VIENNESE IN EXILE IN BOLIVIA 1938-1948

Silver “BOMBILLA” for drinking “MATE”

Bolivia is still one of the poorest countries in South America and in the 1930s it was a developing country that was definitely not the desired destination of refugees from Vienna like the United States, Brazil, Argentina or Chile, where the living conditions were similar to Central Europe. But Bolivia ended up as a refuge for many who did not have any other choice and who were desperate to grab any visa available to be able to flee the Nazi terror. You sometimes had to bribe the diplomatic personnel at the embassies to get visas that later turned out to be faked, but even after a stop to immigration, Bolivia handled the issue flexibly and all those with visas, genuine or faked, were allowed into the country, most of them on agricultural visas, although they had no idea of farming.

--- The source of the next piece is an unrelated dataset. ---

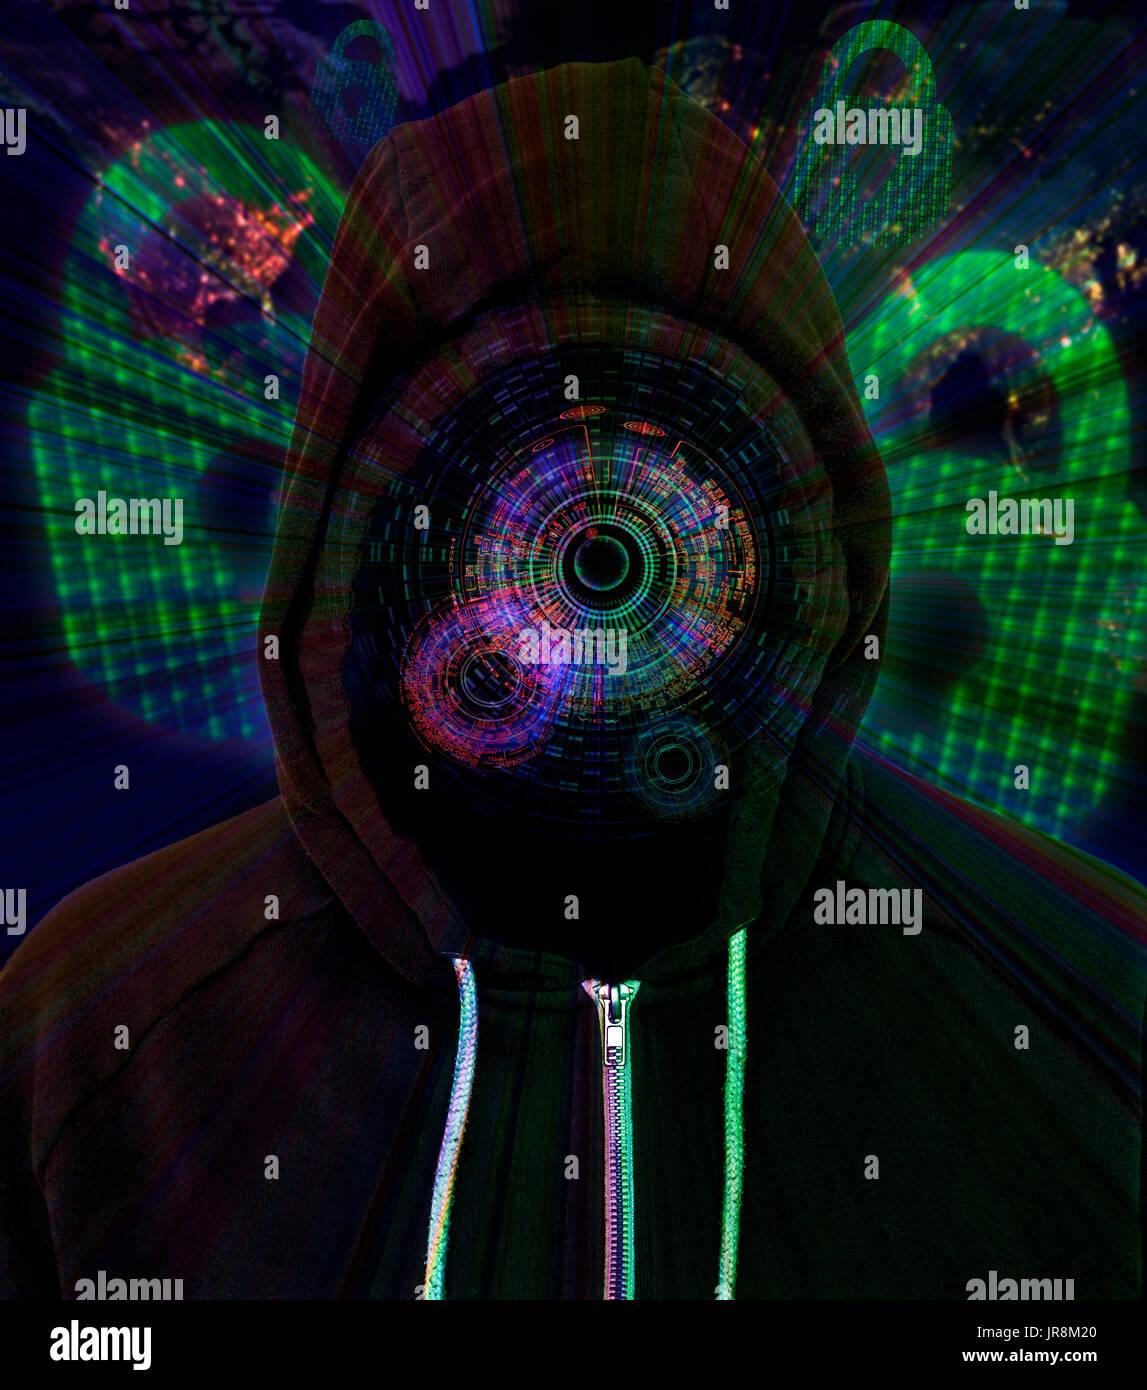 Computer-Hacker tragen eine schwarze Kapuzenshirt mit einer Augmentation HUD-Display mit Vorhängeschlössern und Binär-Code im Hintergrund Stockbild
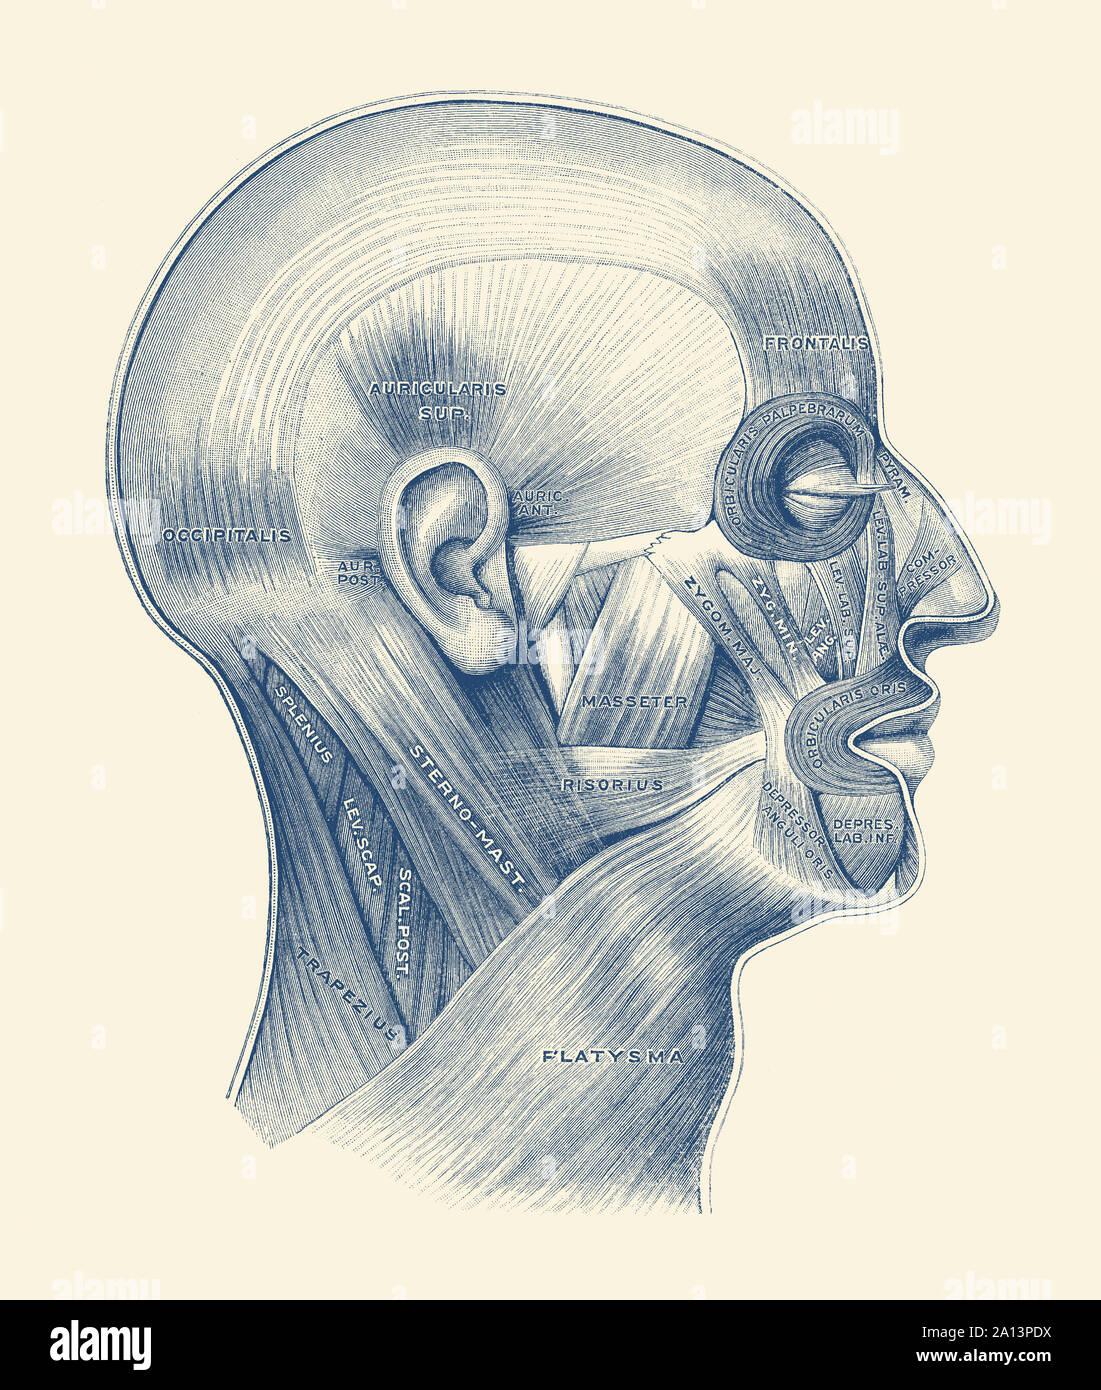 Schéma du système musculaire humaine tout au long de la face et du cou. Banque D'Images

Fortunately for the refugees did Bolivia not annul faked visas, in contrast to other Latin American countries. The country that offered the refugees from Nazi terror rescue was riddled with economic crises, unrests and military coups and had lost a large part of its territory in the “Chaco War” against Paraguay. The German community that had settled in Bolivia before 1938 was under the influence of the NSDAP, led by the German ambassador. Therefore the possibilities for making a living were very limited for the Austrian and German Jewish immigrants; they were restricted by the German community, the Bolivian administration and the Bolivian professional associations. Only few joined agricultural projects, like those of the mining entrepreneur Mauricio Hochschild, most resorted to small retail trade and craftsmanship, where they competed with the local population and thereby triggered some resentment. Within three years the approximately 7,000 to 8,000 refugees to Bolivia formed the largest foreign community there, but most of them moved on to other countries, such as the United States, Chile, Argentine and Uruguay as soon as it was possible. In 1945 around 4,800 Jewish immigrants still lived in Bolivia. The tropical and sub-tropical climate and the extreme altitude were a huge challenge to the immigrants, but the country saved the lives of many refugees from persecution of the “Third Reich” – it accepted the largest numbers of Jewish refugees from Europe of all Latin American countries relative to its inhabitants and my relatives always preserved a loving memory of the beauty of the country and its colourful population mix.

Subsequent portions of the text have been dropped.